Não era suficientemente tolo para verbalizar tais pensamentos. Tyrion Lannister dispensava todos os deuses, mas naquele navio era sensato mostrar algum respeito pelo rubro R'hllor. Jorah Mormont tirou-lhe as correntes e grilhões depois de estarem solidamente a caminho, e o anão não desejava dar-lhe motivo para voltar a prendê-las.
O Selaesori Qhoran era uma banheira bamboleante de quinhentas toneladas, com um portão profundo, castelos elevados à proa e à popa, e um único mastro entre ambos. O castelo de proa tinha uma grotesca figura de proa, uma qualquer eminência carunchosa com ar de prisão de ventre e um rolo enfiado debaixo de um braço. Tyrion nunca viu navio mais feio. A tripulação não era mais bonita. O capitão, um impiedoso homem de língua maligna e barriga de barril com olhos avarentos e muito próximos, era mal jogador de cyvasse e pior perdedor. Abaixo dele serviam quatro imediatos, todos libertos, e cinquenta escravos vinculados ao navio, todos com uma versão tosca da figura de proa da coca tatuada numa bochecha. Os marinheiros gostavam de chamar Tyrion de "Sem-Nariz" por mais que ele lhes dissesse que o seu nome era Hugor Hill.

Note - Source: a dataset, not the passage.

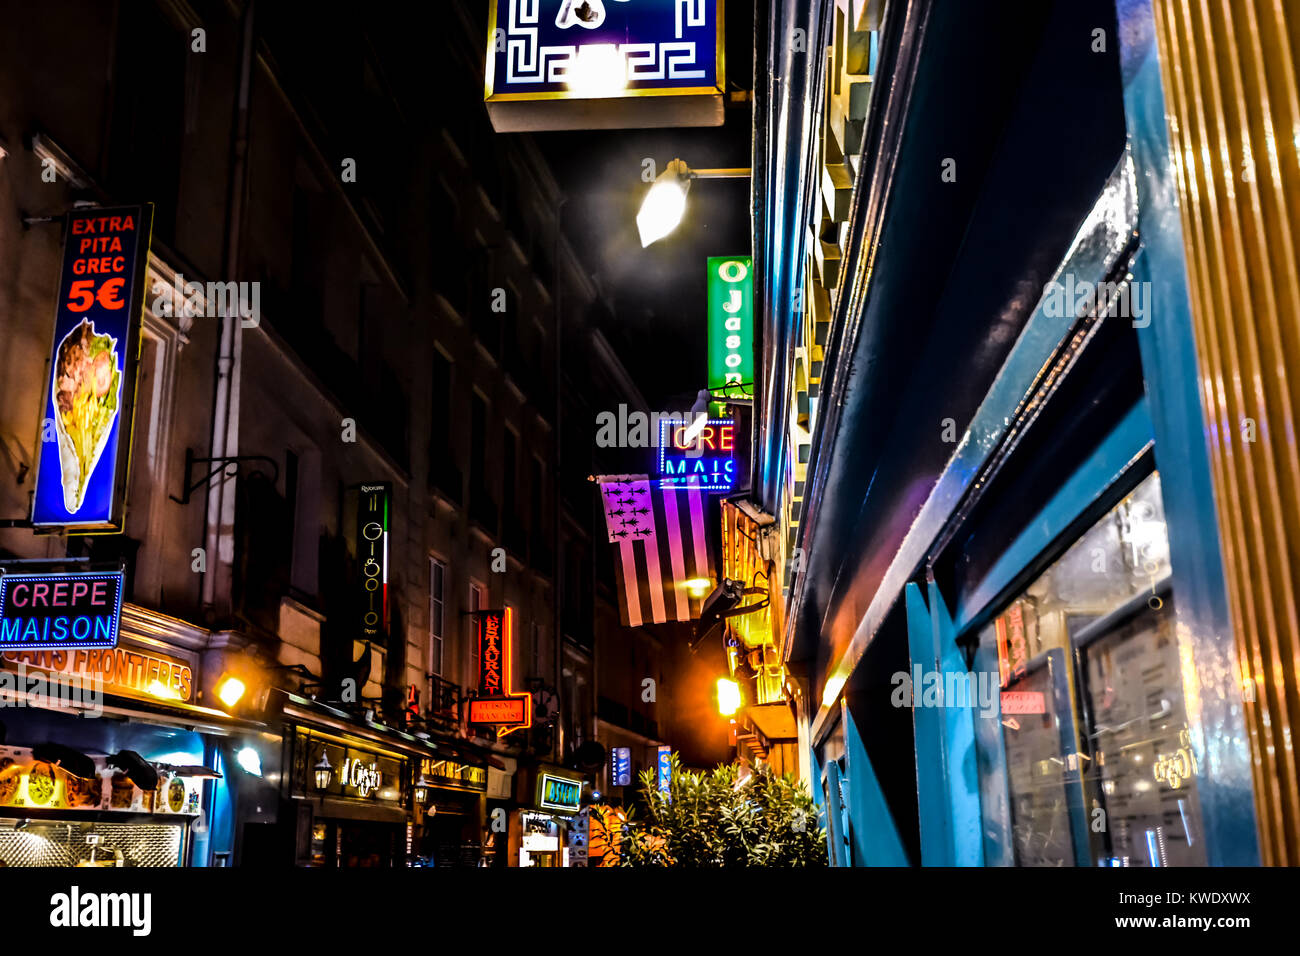 La fin de nuit dans le Quartier Latin de Paris France avec des néons et des lumières avec une variété de cafés et restaurants Banque D'Images

Três dos imediatos e mais de três quartos da tripulação eram fervorosos adoradores do Senhor da Luz. Tyrion tinha menos certezas a respeito do capitão, o qual aparecia sempre para as preces da noite, mas não desempenhava nelas mais nenhum papel. Mas Moqorro era o verdadeiro capitão do Selaerosi Qhoran, pelo menos naquela viagem.
— Senhor da Luz, abençoe o seu escravo Moqorro, e ilumine o seu caminho nos lugares escuros do mundo — trovejou o sacerdote vermelho. — E defenda o seu honrado escravo Benerro. Conceda-lhe coragem. Conceda-lhe sabedoria. Encha-lhe o coração de fogo.
Foi então que Tyrion reparou em Centava observando aquela farsa da íngreme escada de madeira que levava para baixo do castelo de popa. Estava num dos degraus mais baixos, de modo que só o topo da cabeça se encontrava visível. Sob o capuz, os olhos brilhavam grandes e brancos à luz da fogueira noturna. Tinha consigo o seu cão, o grande cão de caça cinzento que montava em justas fingidas.
— Senhora — chamou Tyrion em voz baixa. Na verdade, ela não era senhora alguma, mas Tyrion não conseguia levar-se articulando aquele seu nome pateta, e não ia chamar-lhe "menina" ou "anã."
Ela retraiu-se.
— Eu... eu não tinha te visto.
— Bem, sou pequeno.
— Eu... eu não estava bem... — O cão ladrou.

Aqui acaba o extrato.